×

Warning

JUser: :_load: Unable to load user with ID: 48

Red-ear Turtles

Our most common native turtle, one most Louisiana kids have played with and the one you’ll most likely see basking on a log at Camp Salmen is the Red-eared Slider (Trachemys scripta elegans). This species is rugged and easy to breed and has been exported in great quantities as pets to Europe, Australia, South Africa, Israel, Asia, the Caribbean and the South Pacific where they have been turned loose by disenchanted and irresponsible pet owners to make itself at home and become an international bully. Yes, our home grown Slidell Slider is someone else’s invasive species, aggressively taking over habitat, displacing the locals and being so brutish about it that it has made the Top 100 List of the World's Worst Invasive Alien Species. (They can’t help it.)

Why is this turtle called a slider, you ask? Well, these traits combine: it’s semi-aquatic, so it likes to be in the water, preferably warm, slow moving water (though its completely capable of knocking around on land), it’s “poikilothermic,” meaning its only as active as the temperature it finds itself in (that’s why it’s always basking on logs to “charge up its batteries”) and it’s as paranoid and jumpy as a rabbit, ready to “slide” off the log and escape into the water at the slightest hint of trouble.

It’s winter, so where are they all now? It would be a mistake to say they are hibernating; the herpetologists (reptile scientists) like to say the turtles “bruminate.” Both of these procedures involve slowing the metabolism but the difference seems to be hibernators are “out like a light” for the duration of winter and bruminators can arise on an occasional warm day and get a sip of water before going back to “sleep.”

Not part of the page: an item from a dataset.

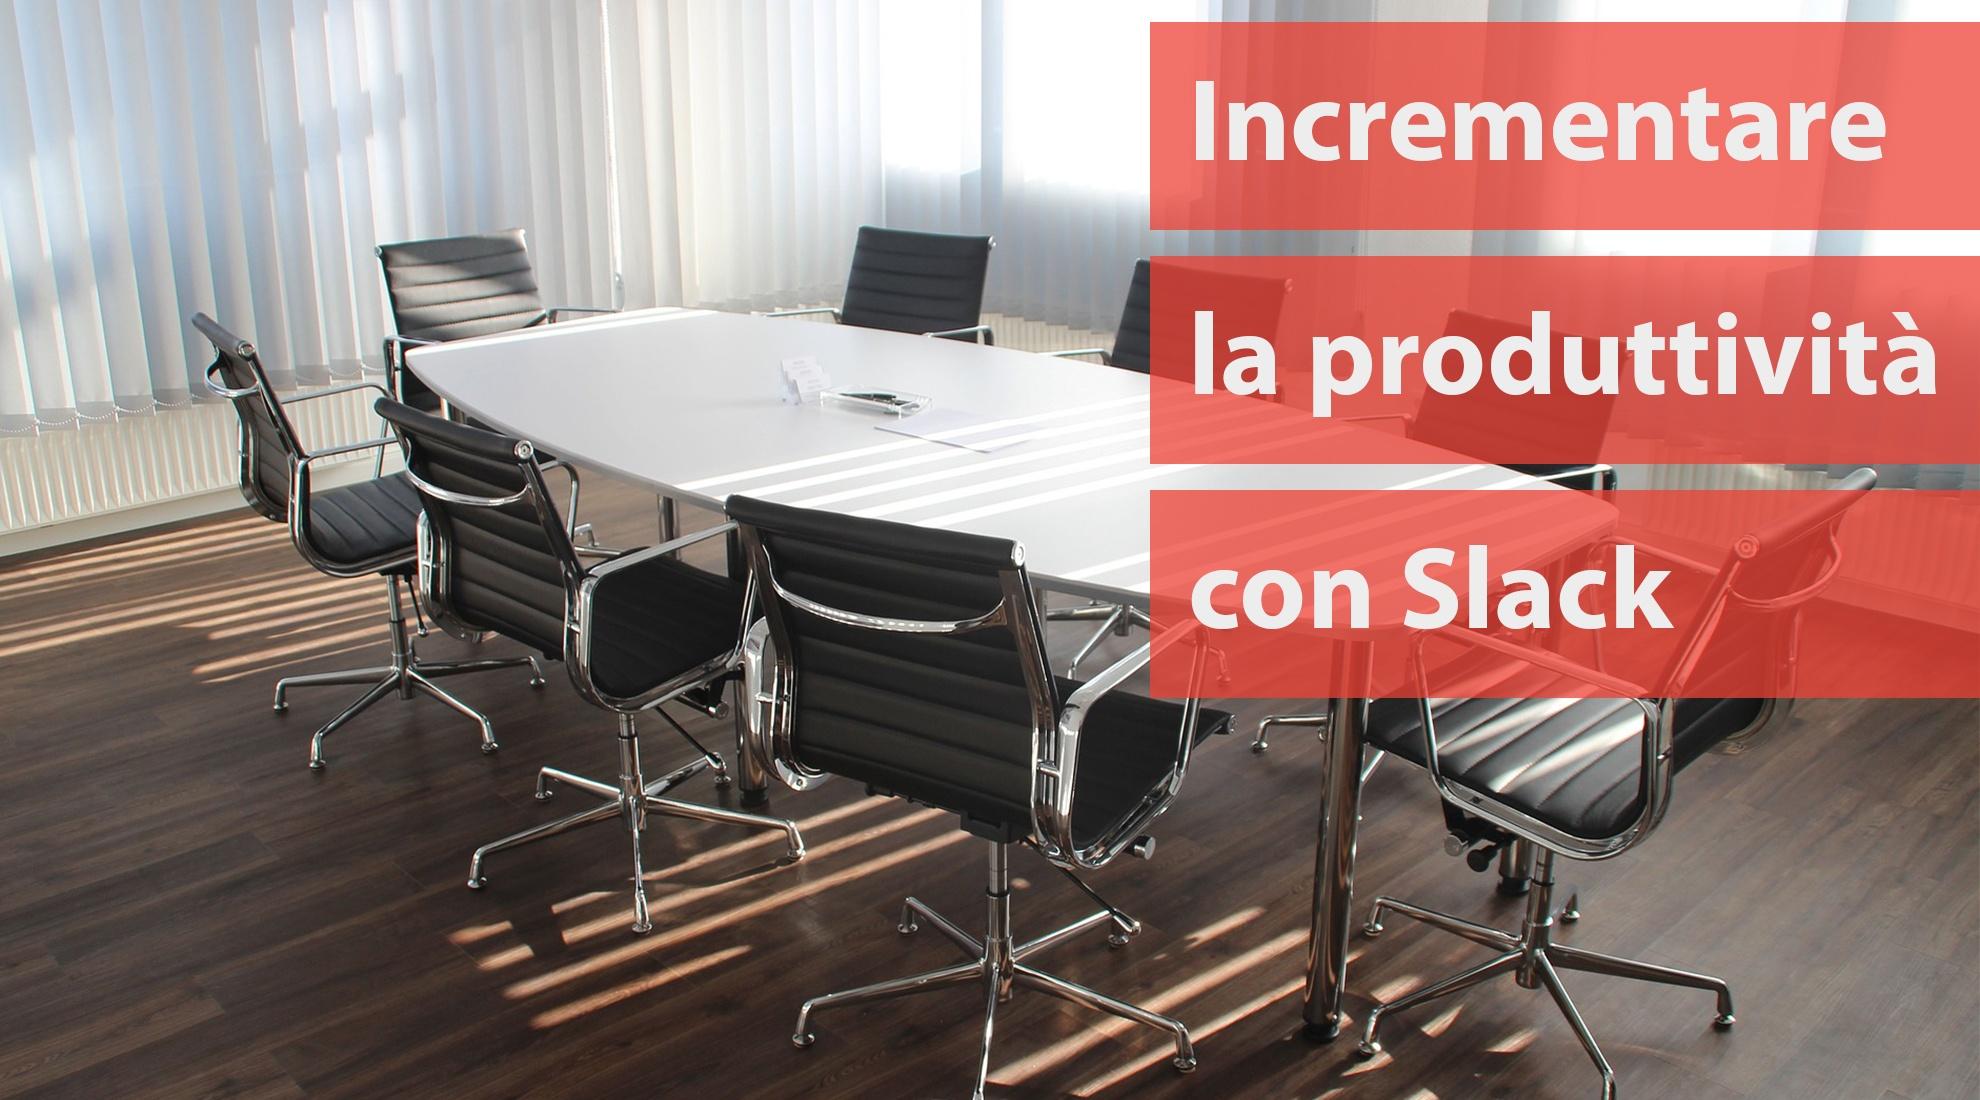 incrementare-produttività-con-slack.jpg
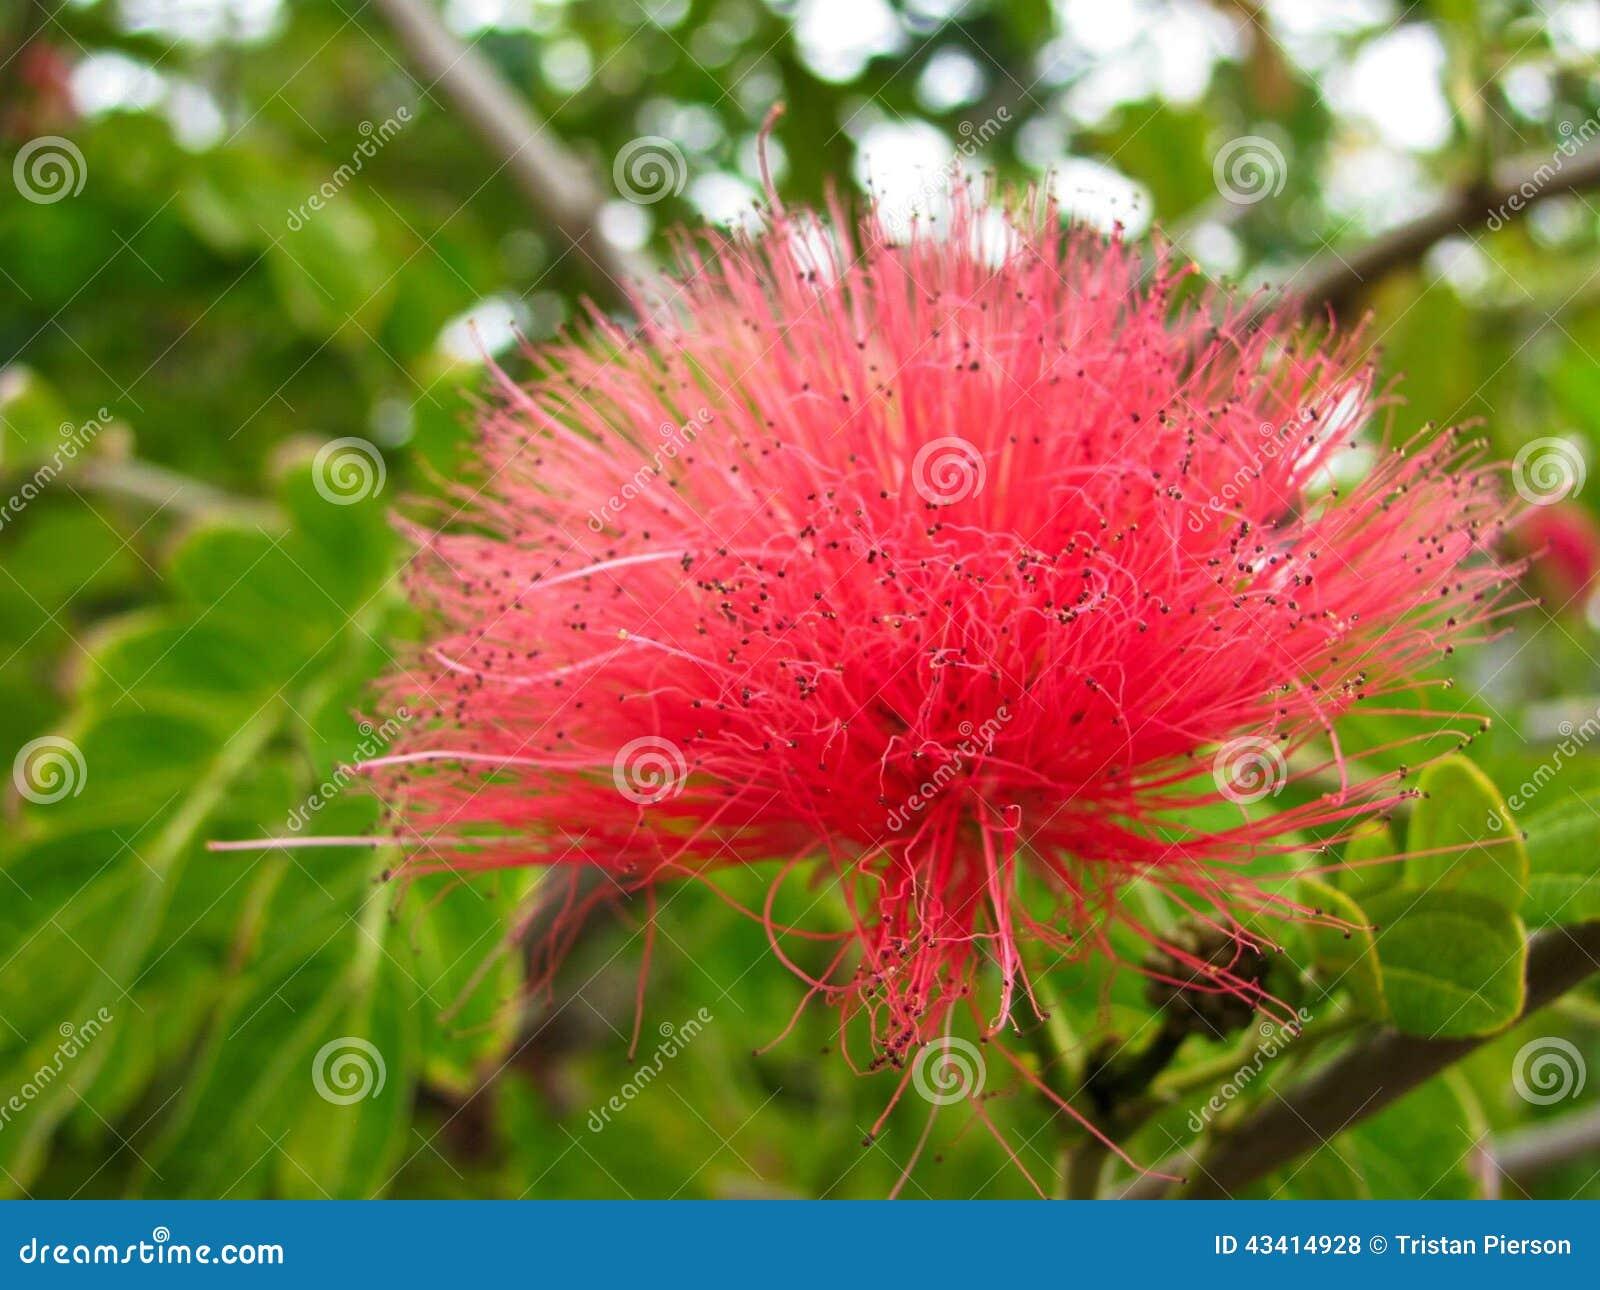 Mimosa rossa fotografia stock immagine 43414928 for Formas ornamentales

Their “red ear” is a patch of color right behind their eyes, making them easy to distinguish from all other turtle species. This fades as the turtle gets older. Their actual ears have no external manifestation at all but are under the skin, making the turtle a little hard of hearing. In fact, the animal’s legendary skittishness comes mainly from its sensitivity to vibration. There is some speculation that Mutant Ninja turtles are of this breed, perhaps due to their green color and aggressive, international behavior. However, extensive research does not reveal this red ear patch, unless it’s consistently hidden under Ninja’s omnipresent eye masks.